#### Task prompt:
Could you print the stretch of lines below from the one with "chef vitamin himmel" through the one with "HKS Cast Turbo", exactly as they stand and without any pictures?

#### Task inputs:

+ + + + +

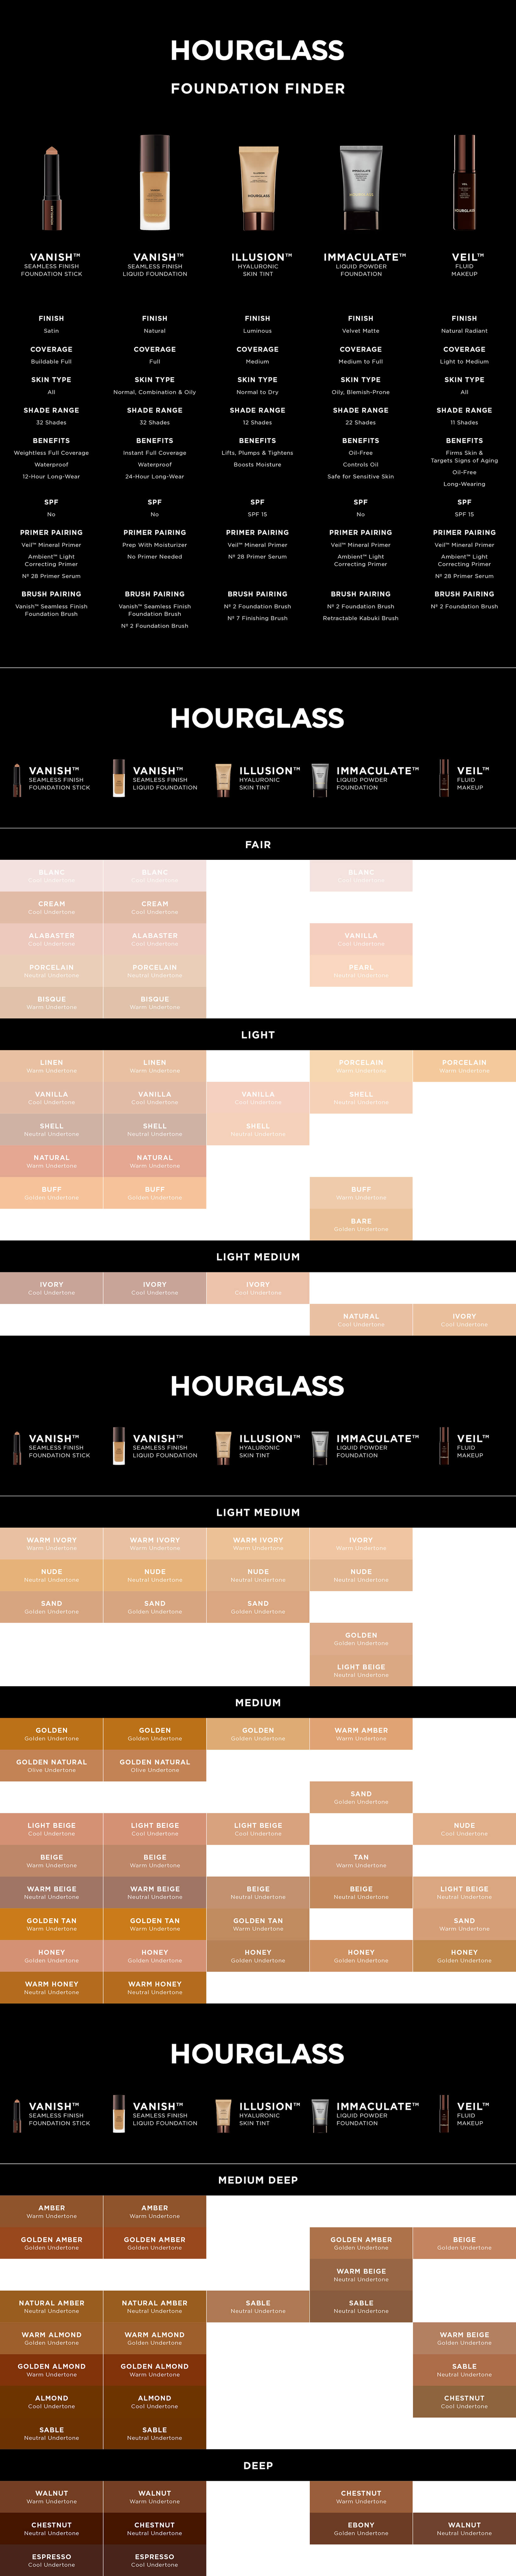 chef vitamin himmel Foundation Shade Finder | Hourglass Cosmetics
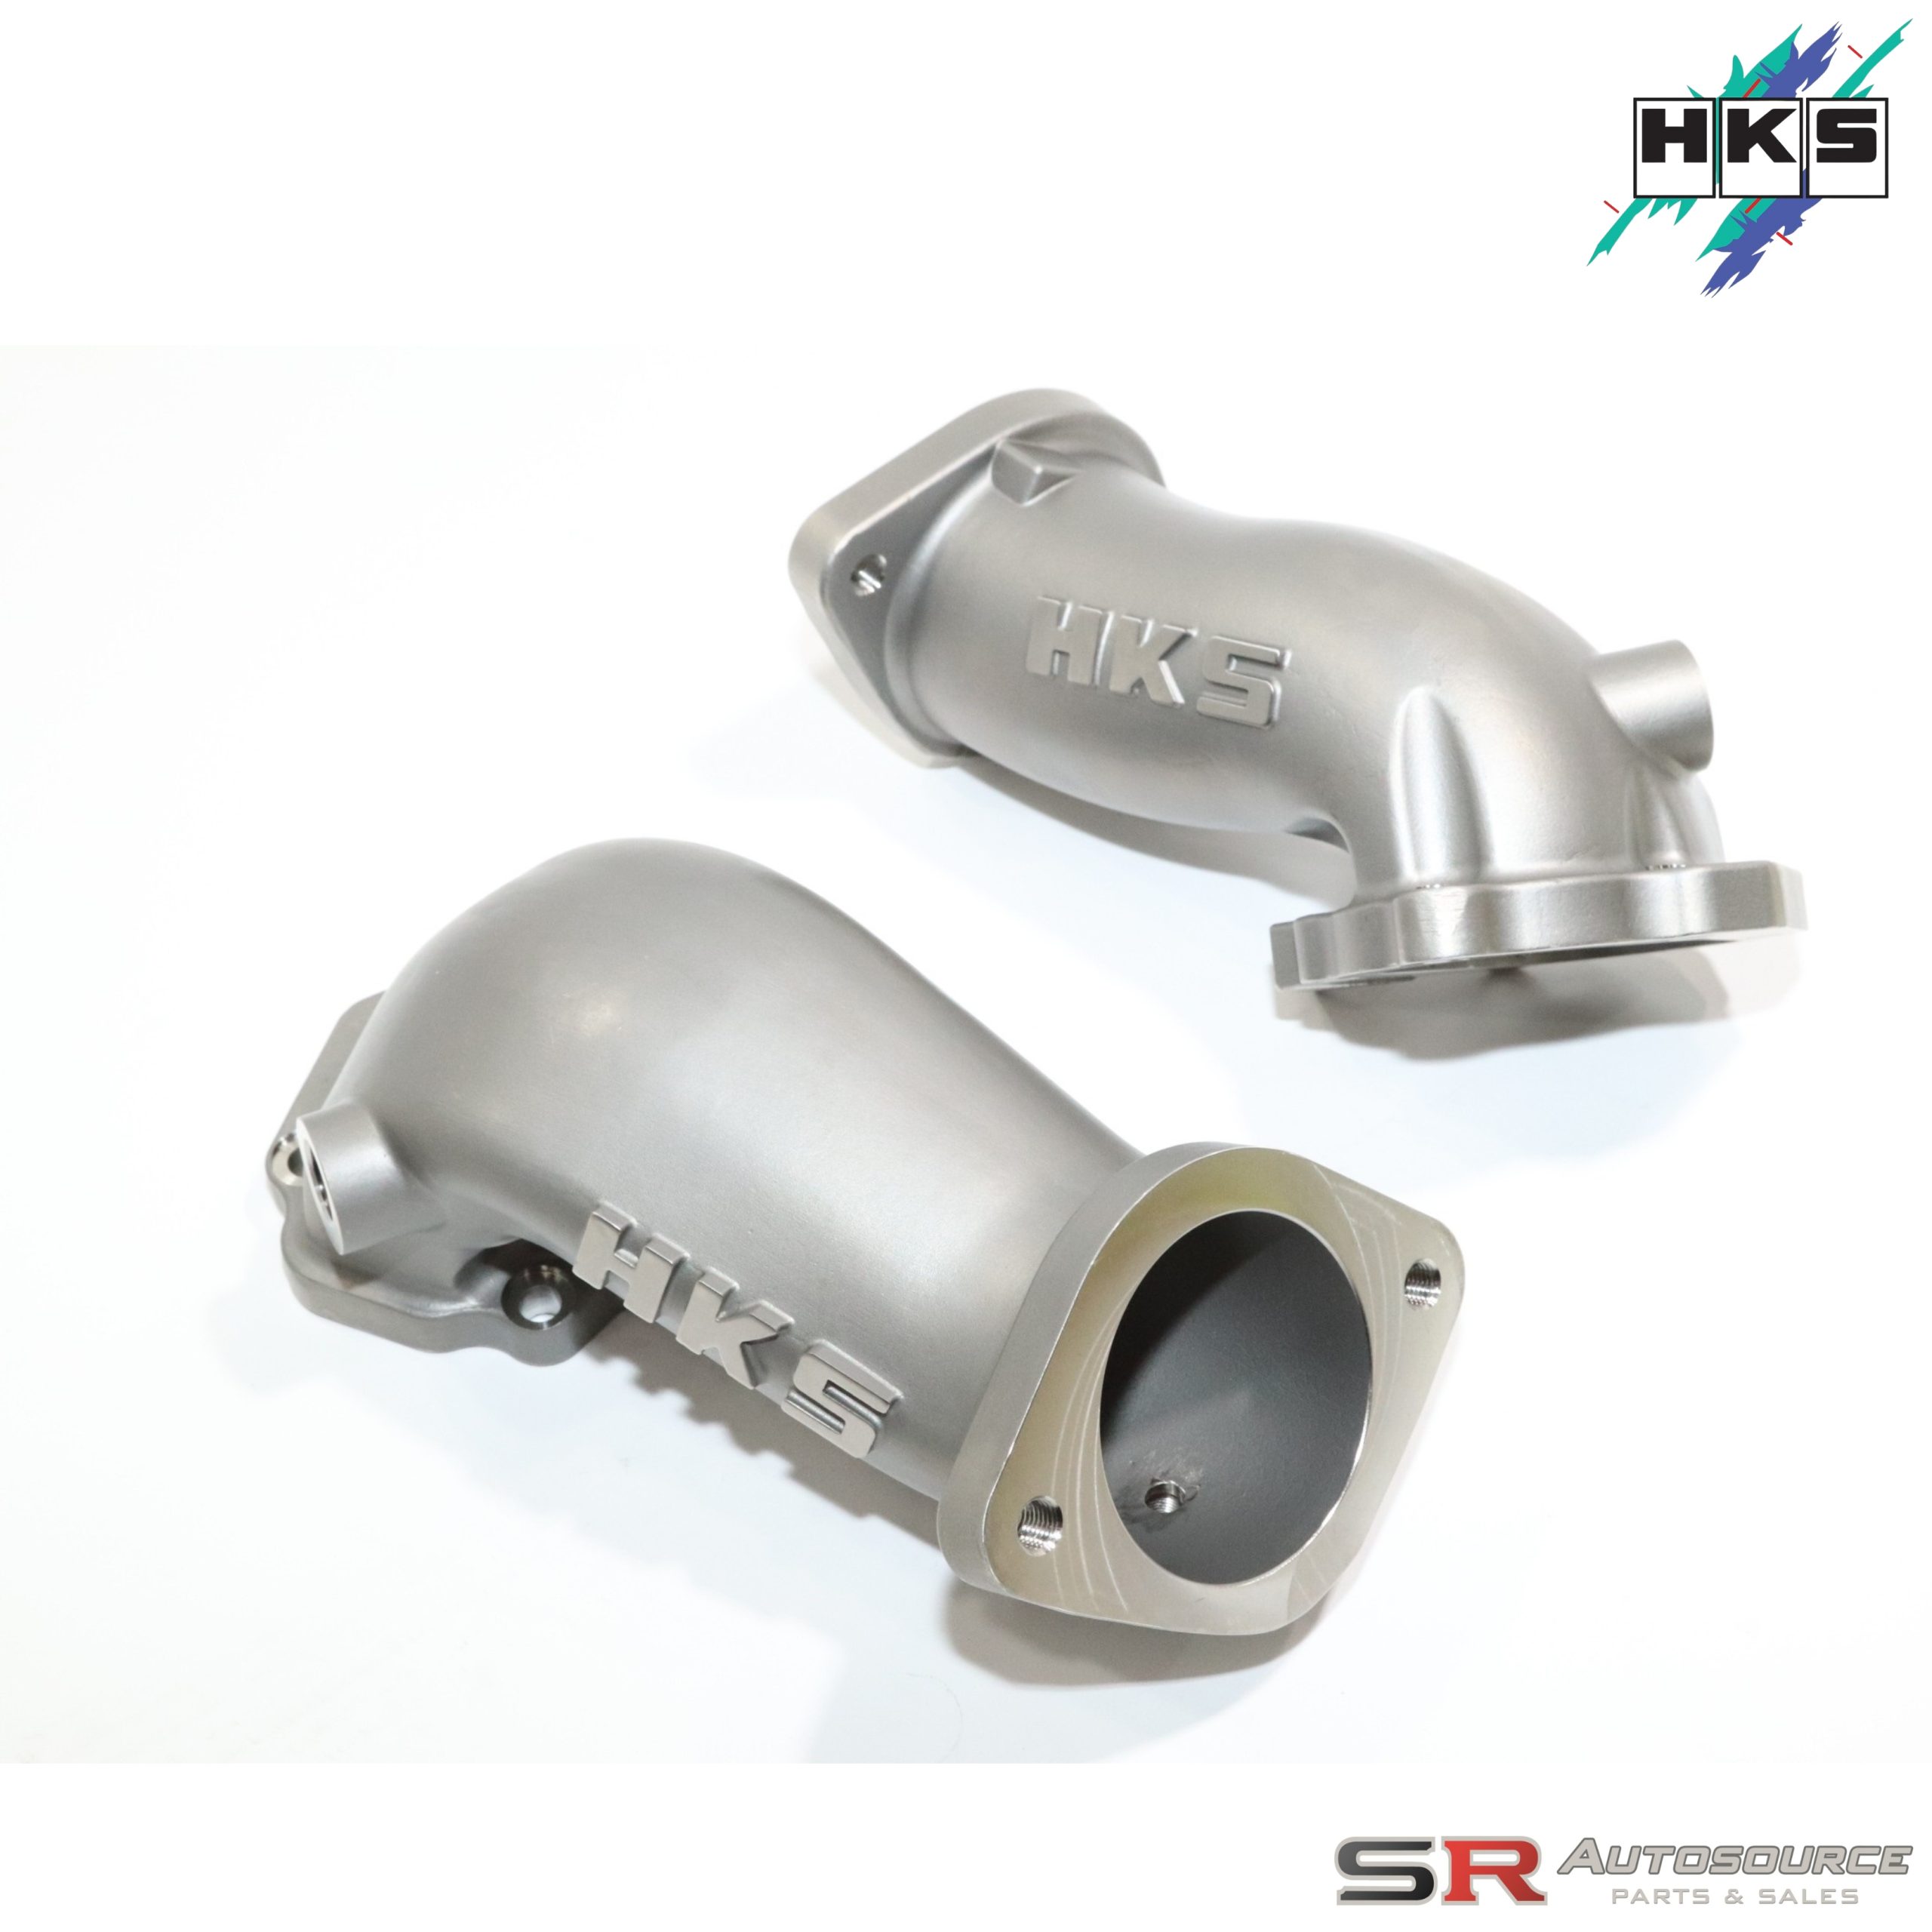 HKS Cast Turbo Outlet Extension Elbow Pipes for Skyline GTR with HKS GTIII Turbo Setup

+ + + + +

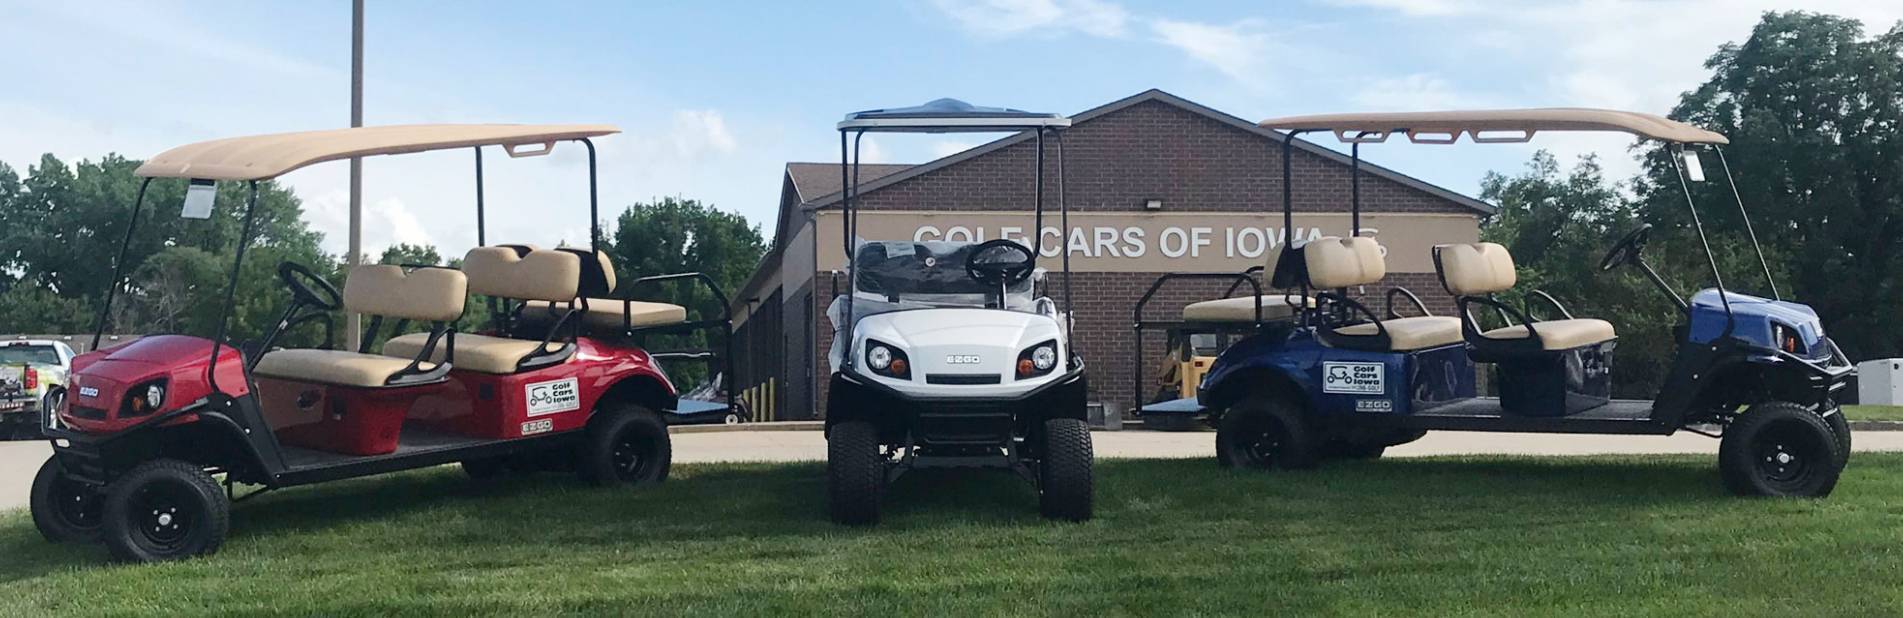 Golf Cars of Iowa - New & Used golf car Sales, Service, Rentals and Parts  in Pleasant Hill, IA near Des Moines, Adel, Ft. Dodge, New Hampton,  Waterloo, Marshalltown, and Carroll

+ + + + +

#### Your solution:
 chef vitamin himmel Foundation Shade Finder | Hourglass Cosmetics
 HKS Cast Turbo Outlet Extension Elbow Pipes for Skyline GTR with HKS GTIII Turbo Setup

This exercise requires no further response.